The idea was, maybe we put thermometers on vending machines that would automatically raise the price for a Coke on a hot day. The anger was instant. People accused Coke of price-gouging, and Pepsi accused its rival of exploiting consumers, according to the New York Times.
Coke immediately walked it back, saying that the company was actually talking about ways thermometer technology could lower the cost of a drink.
Which sounds pretty familiar…
This spring, when Wendy’s announced plans to use AI-powered digital menus with variable pricing based on the time of day, fans immediately accused it of pricing-gouging. No, no, Wendy’s said — we weren’t going to raise prices at peak times, we were going to lower prices at off-peak times.
And there’s the rub. Companies will swear up and down their “dynamic” pricing only goes one way — down.
But, historically, we know better, because we’ve seen how big corporations nickel and dime us to pad their margins when given the chance. We’ve bought plane tickets and paid for checked bags and watched our favorite singer’s ticket price go from $50 to $85 because of some unidentifiable “service” and “handling” fees. Countless girls and women have paid a “pink tax” on skin care and hair care products, and stores regularly tout sales promotions that ultimately benefit their bottom line more than the customer.
That’s why Marco Bertini, a professor of marketing at Esade Business School in Barcelona, says the problem is not the tools used for dynamic pricing but the monopolistic status of the companies potentially abusing them. (The US Justice Department’s looking at you, Ticketmaster…)
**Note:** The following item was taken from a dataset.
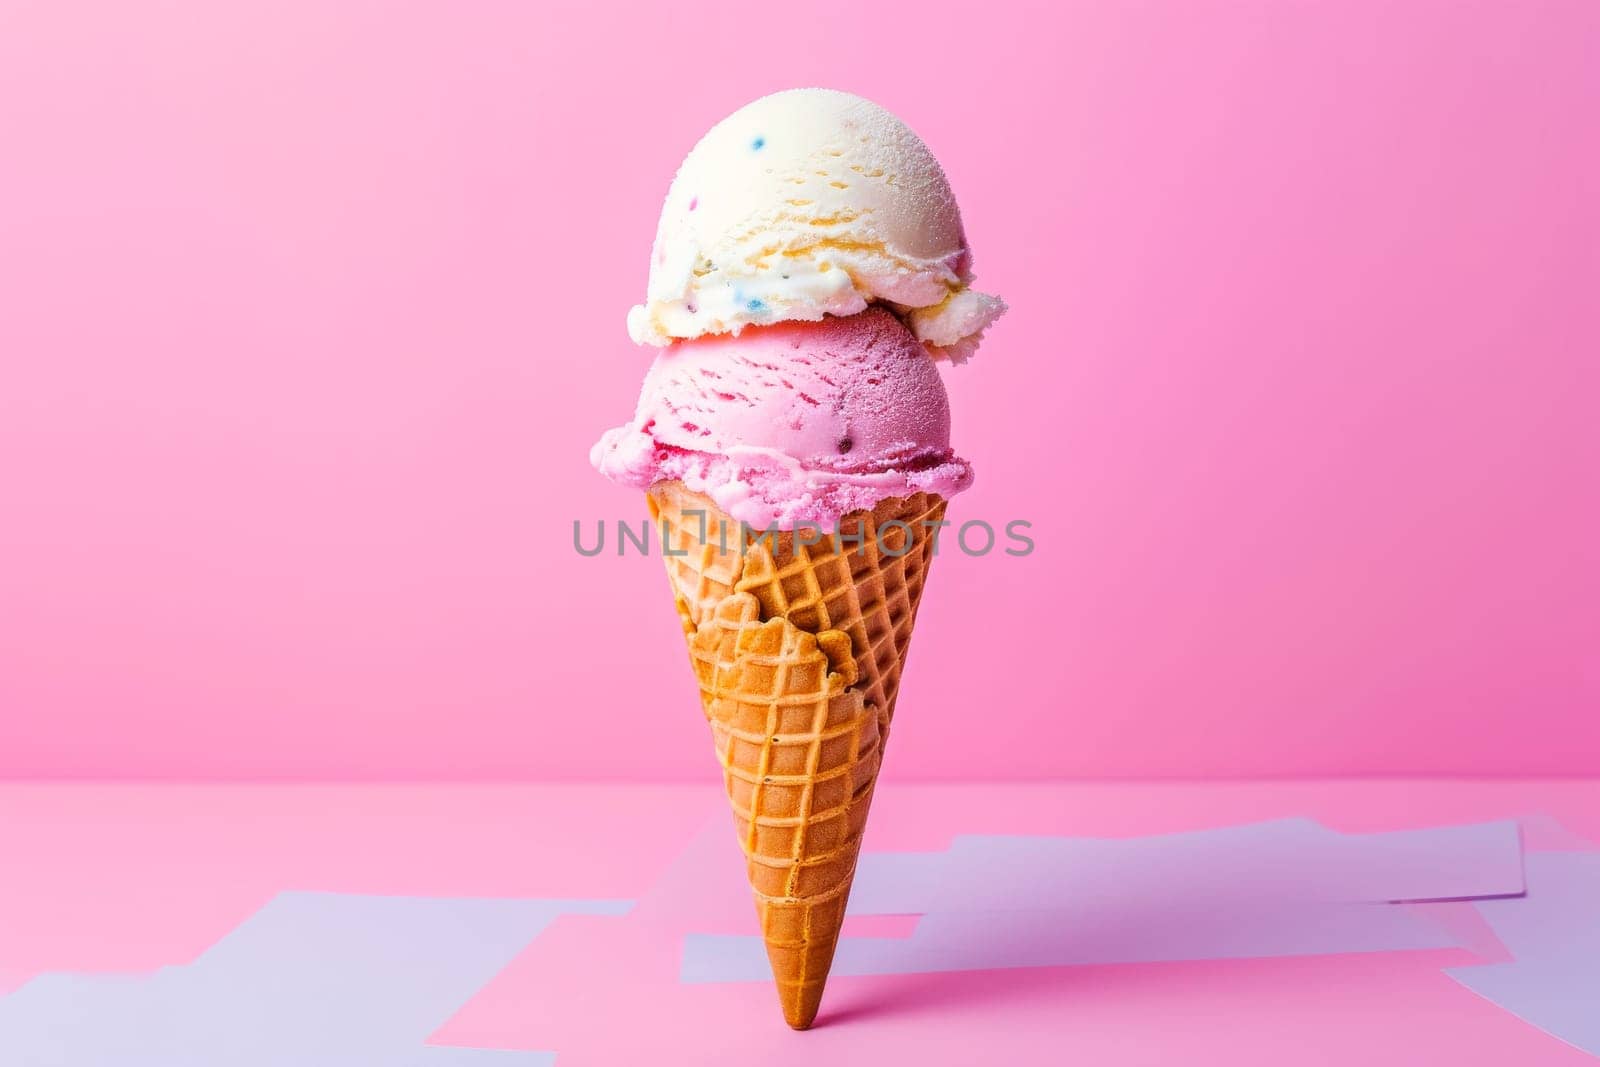 Ice Cream Cone on Pink Background by vladimka
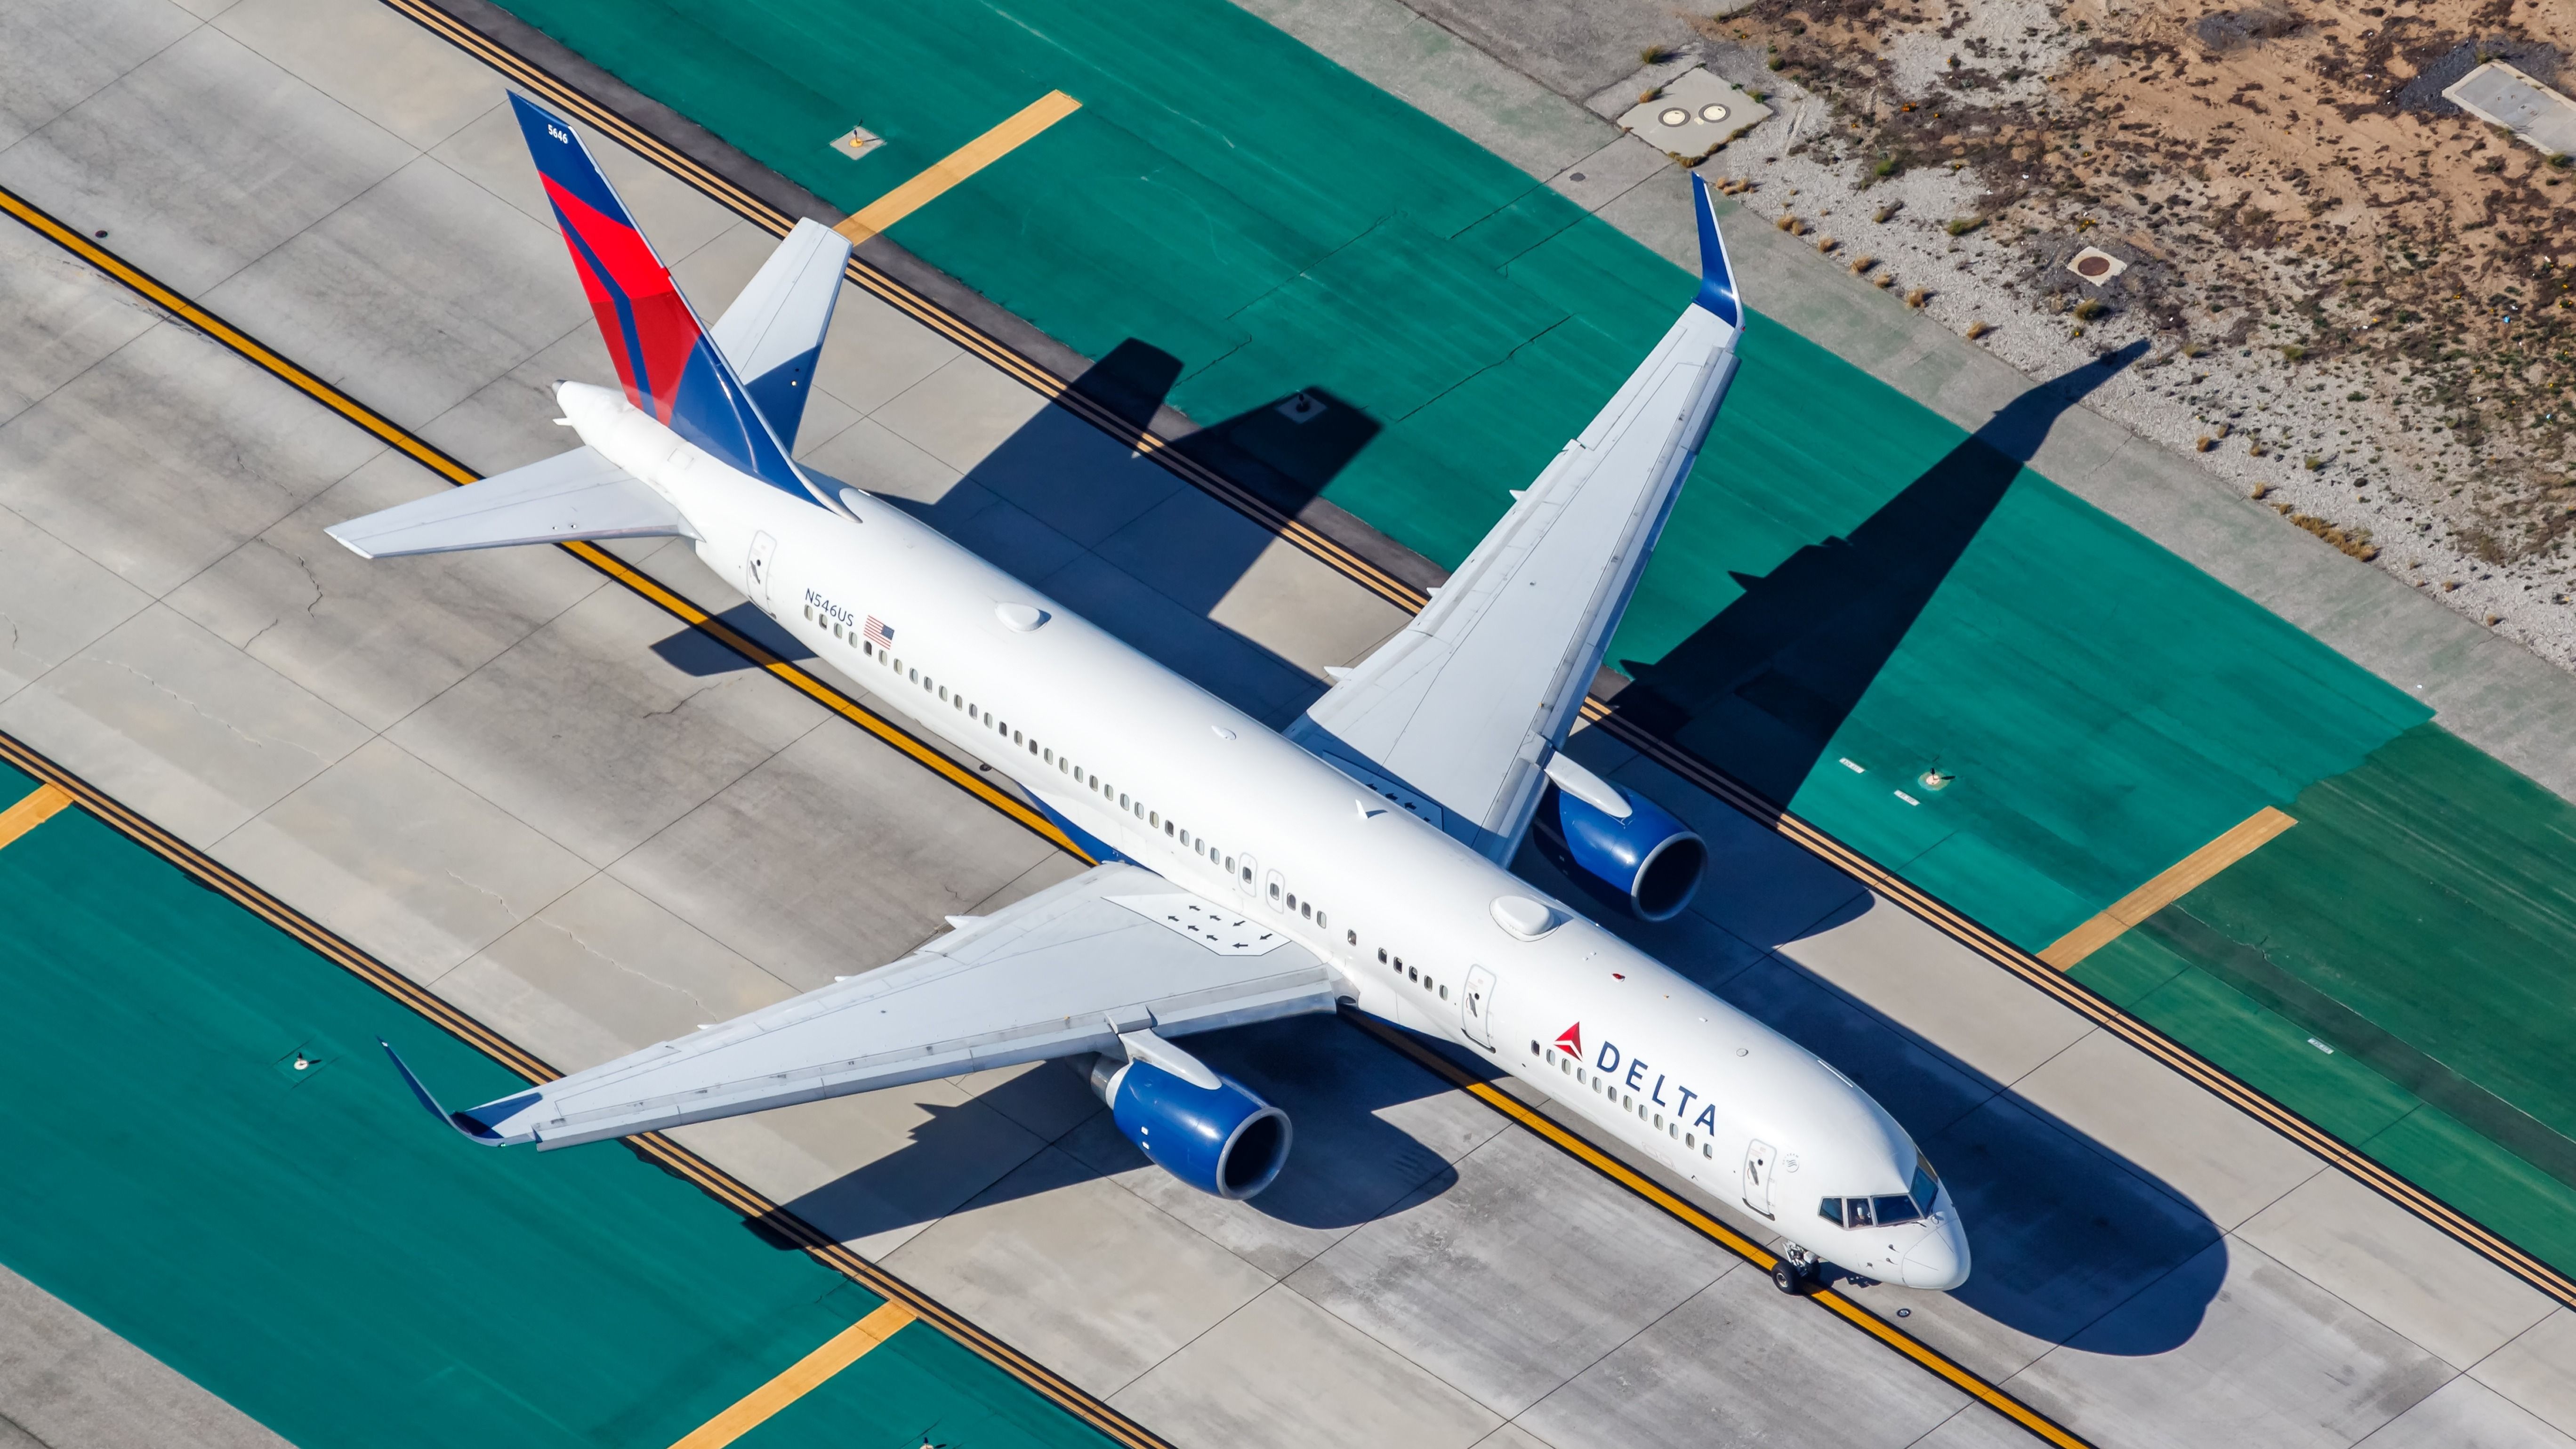 Delta Air Lines Boeing 757

There are good ways to use dynamic pricing that benefit buyers and sellers, Bertini notes. For example, a store can create instant, automatic discounts on milk or yogurt so that the price goes down the closer it gets to its expiration date, helping avoid the kind of food waste that’s both expensive for businesses and bad for the environment.
It all comes down to the companies’ intentions, Bertini says.
“Any government should be worrying about the market power of companies and why they have it, not so much what they do with that market power.”
On a deeper level, though, these variable pricing models serve as a blunt tool to give more power to companies. As Bloomberg columnist Amanda Mull recently noted, they provide a “convenient source of abstraction.”
“The history of modern consumerism is built on the concept of the public price … If no two buyers see the same price at the same time, the consensus reality that underpins the system — or, at least, underpins the only theoretical power that individuals can have within it — becomes totally moot.”
In other words: The more retailers obscure the base price of everyday items, the less power we wield to vote with our wallets.